The caves of the Eletsky Monastery are said to predate those of the Kyiv Pechersk Lavra (Kyiv Monastery of the Caves). Its magnificent six-pillared cathedral was erected at the turn of the 11th to 12th centuries; some traces of its 750-year-old murals may still be seen in the interior. After the domes collapsed in 1611, they were augmented and reconstructed in the Ukrainian baroque style. The wall, monastic cells, and bell-tower all date from the 17th century.

The nearby mother superior's house is thought to be the oldest residential building in the Left-Bank Ukraine. The cloister's holiest icon used to be that of Theotokos, who made her epiphany to Svyatoslav of Chernigov on 6 February 1060. The icon, called Eletskaya after the fir wood it was painted upon, was taken to Moscow by Svyatoslav's descendants, the Baryatinsky family, in 1579.

The nearby Chernihiv Glory Memorial we can find Saint Anthony Caves of Saint Elijah and the Holy Trinity features a small eponymous church, built 800 years ago. The roomy Trinity cathedral, one of the most imposing monuments of Cossack baroque, was erected between 1679 and 1689. Its refectory, with the adjoining church of Presentation to the Temple, was finished by 1679. There are also the 17th-century towered walls, monastic cells, and the five-tiered belfry from the 1780s.

Other historic abbeys in the vicinity of Chernihiv include those in Kozelets and Hustynya, which feature superb examples of Ukrainian Baroque.

Economy

Industry
Cheksil, one of the largest enterprises in the Ukrainian textile industry, is based in Chernihiv. The first stage of the plant was put into operation in 1963. The city also has the Chernihiv Musical Instrument Factory established in 1933. In 1995 a manufacturer of goods for animals, called COLLAR Company, was established by Yuri Sinitsa.

Education
 Chernihiv has a Chernihiv National University of Technology, Chernihiv State Technological University and Taras Shevchenko National University "Chernihiv College".

Transport

Train 
 Chernihiv has a train station with bus station called Chernihiv Ovruch railway. Narrow gauge railway of 76 versts was laid from the Kruty station of the Moscow Kyiv-Voronezh railway towards Chernihiv.

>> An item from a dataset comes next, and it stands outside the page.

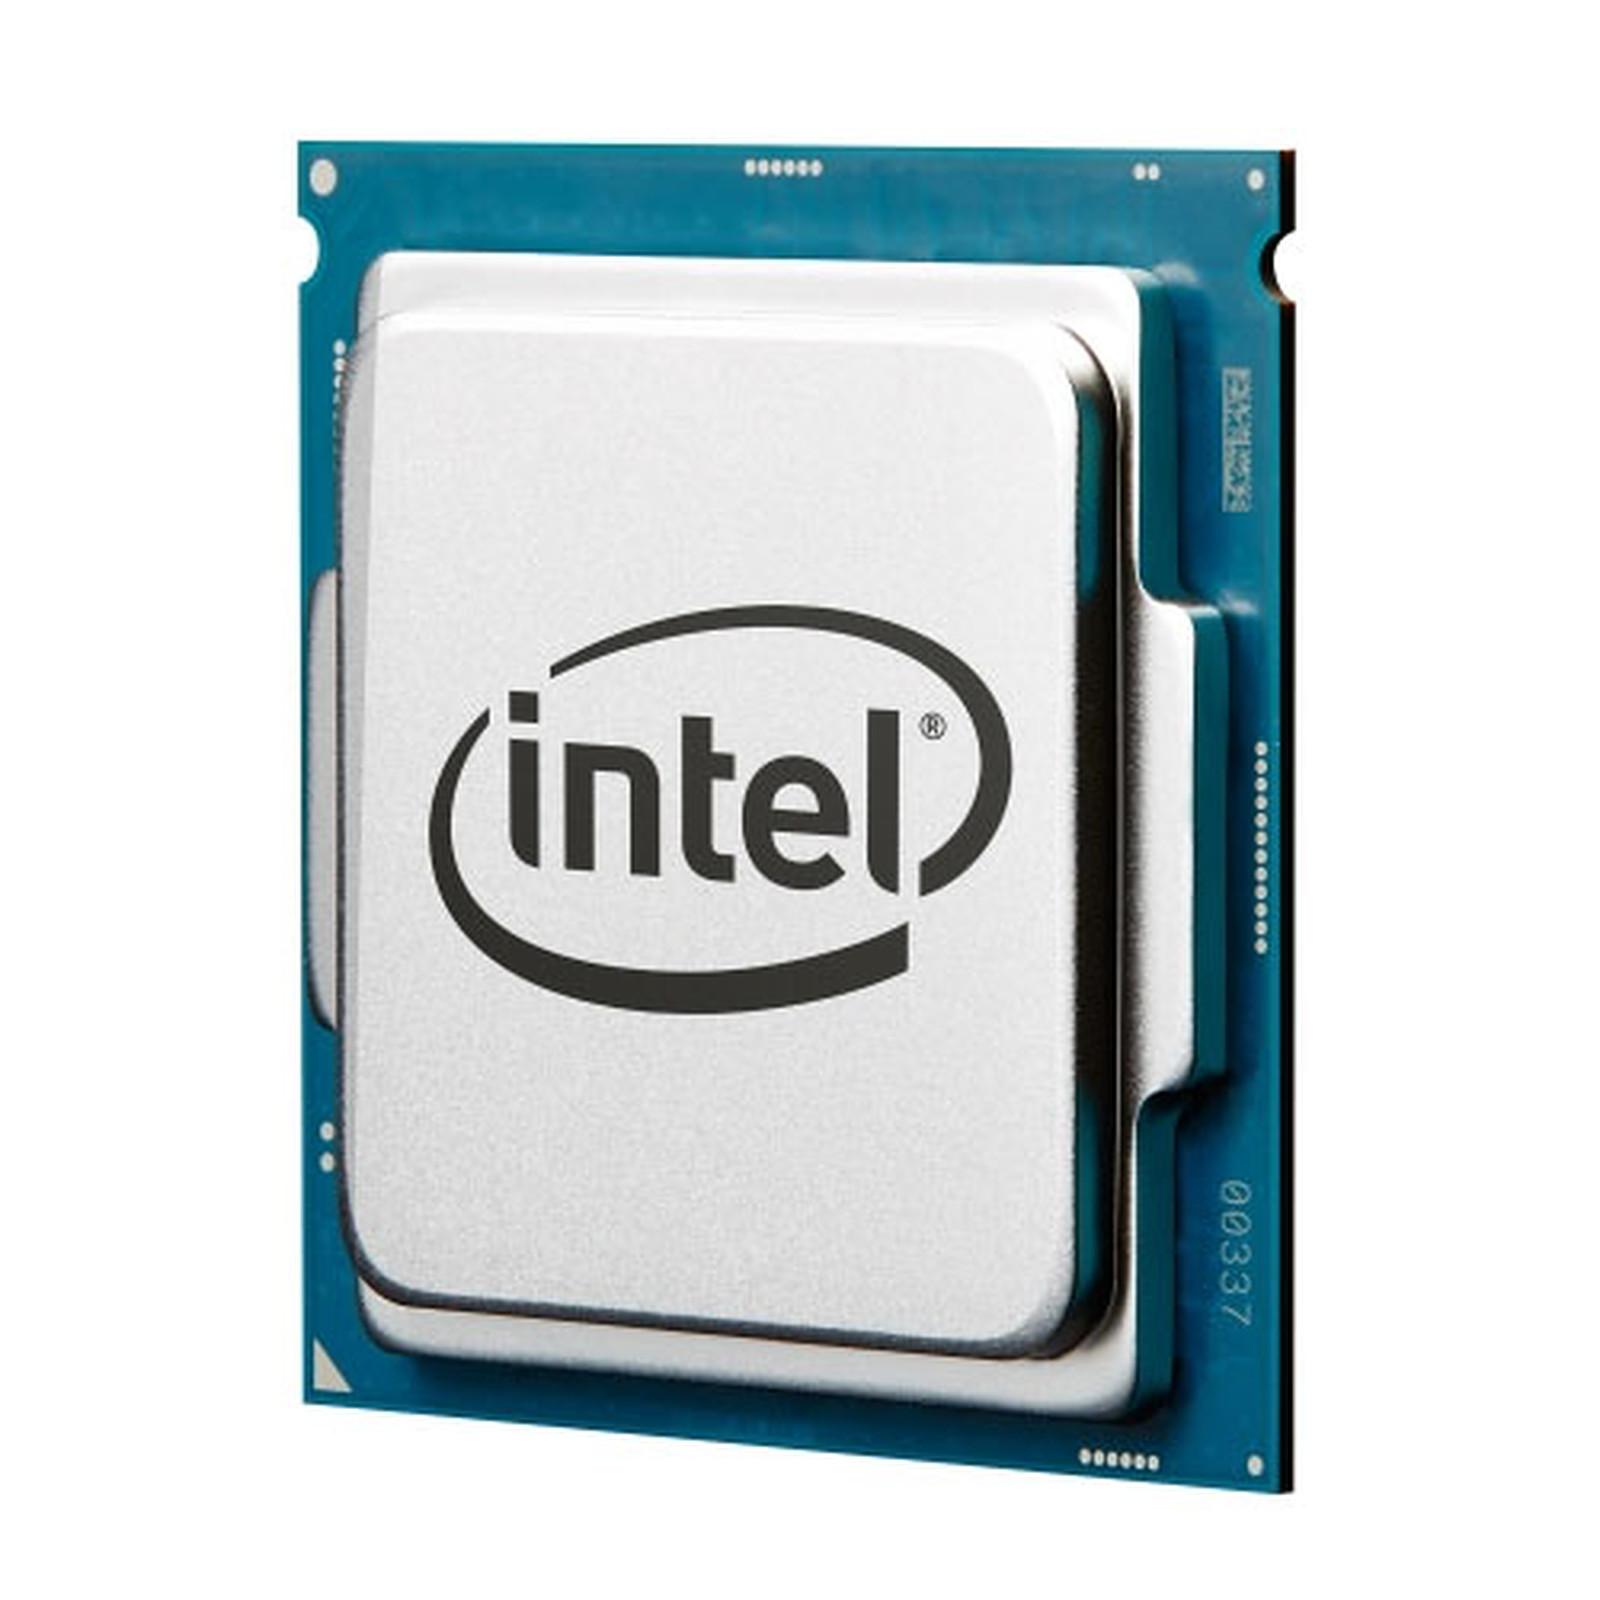 Intel Core I3-2370M (2.4 GHz)

In 1893, on the left bank of the Desna River, in the area of a modern automobile bridge, a railway station was built along the Kyiv highway. Passengers were delivered here from the city and back by horse transport.

In 1925, traffic was opened on the Nizhyn to Chernigov section of the Southwest Railway. But rail transport in Chernihiv was postponed until 1928. The bridge over the Desna River was not ready and trains still arrived on the left bank, where the old narrow-gauge railway station was located, and passengers got to Chernihiv by road bridge. According to 2006 data, the volume of freight traffic is 84,737 wagons per year. Over 4.5 million passengers are transported each year.

However, the condition of the rolling stock and the quality of the services provided do not meet modern requirements. Since the introduction of the new high-speed train timetable, the trailed wagons of the 93/94 Chernigov – Odessa train were canceled. As of 2015, regular trains from Minsk to Odessa, and from St. Petersburg to Kyiv to Kharkiv run through Chernihiv, and there are direct connections with Moscow. Trains to Crimea (Simferopol, Feodosia) were canceled beginning December 27, 2014 due to Russia's annexation of Crimea.

Air transport 
The area was served by Chernihiv Shestovitsa Airport, and during the Cold War it was the site of Chernigov air base. The close airport is in Kyiv at the Boryspil Airport located  away, and the smaller, municipally owned Zhulyany Airport located  away on the southern outskirts of the city of Kyiv.

Bus 

The best way here from Kyiv is on a marshrutka from Chernihivska and Lisova metro station (100uah, two hours, around every 30 minutes), which drop off outside McDonald's (on pr Pobedy). Buses for Novhorod-Siversky leave hourly from Chernihiv's Central bus station (65uah, three hours), located near the Chernihiv train station.

Local public transport 
Public transport includes buses and trolleybuses. There is no direct connection between railway station and Chernihiv-1 bus station to the most central sights on the Val – you will have to take any trolleybus or bus from the station to crossing of Myru Avenue and Prospekt Pobedy (Hotel Ukraine stop; look for the end of the boulevard along Myru Avenue near it), and then walk through historical centre a little.

Trolleybus 1 and bus 38 will take you even one stop further, to Drama Theater stop near Pyatnytska Church, but no further. Consult a map, as different routes come to Hotel Ukraine from different sides, you will have to walk along Myru Avenue along its continuation after boulevard ends.

Sports and facilities

FC Desna Chernhiv 
 
The main Football club of Chernihiv is called FC Desna Chernihiv, the original name of the club was "Avanhard Chernihiv" during its first year of existence. Between 1961 and 1970 the club was called Desna. In 1972 it was replaced with SC Chernihiv (team of the SKA Kyiv) that played in Chernihiv for the next couple of years. In 1977 Desna was revived now in place of the amateur club "Khimik Cherhihiv" that won regional competitions. On 27 May 2018, the team got promoted to the Ukrainian Premier League for the first time in their history.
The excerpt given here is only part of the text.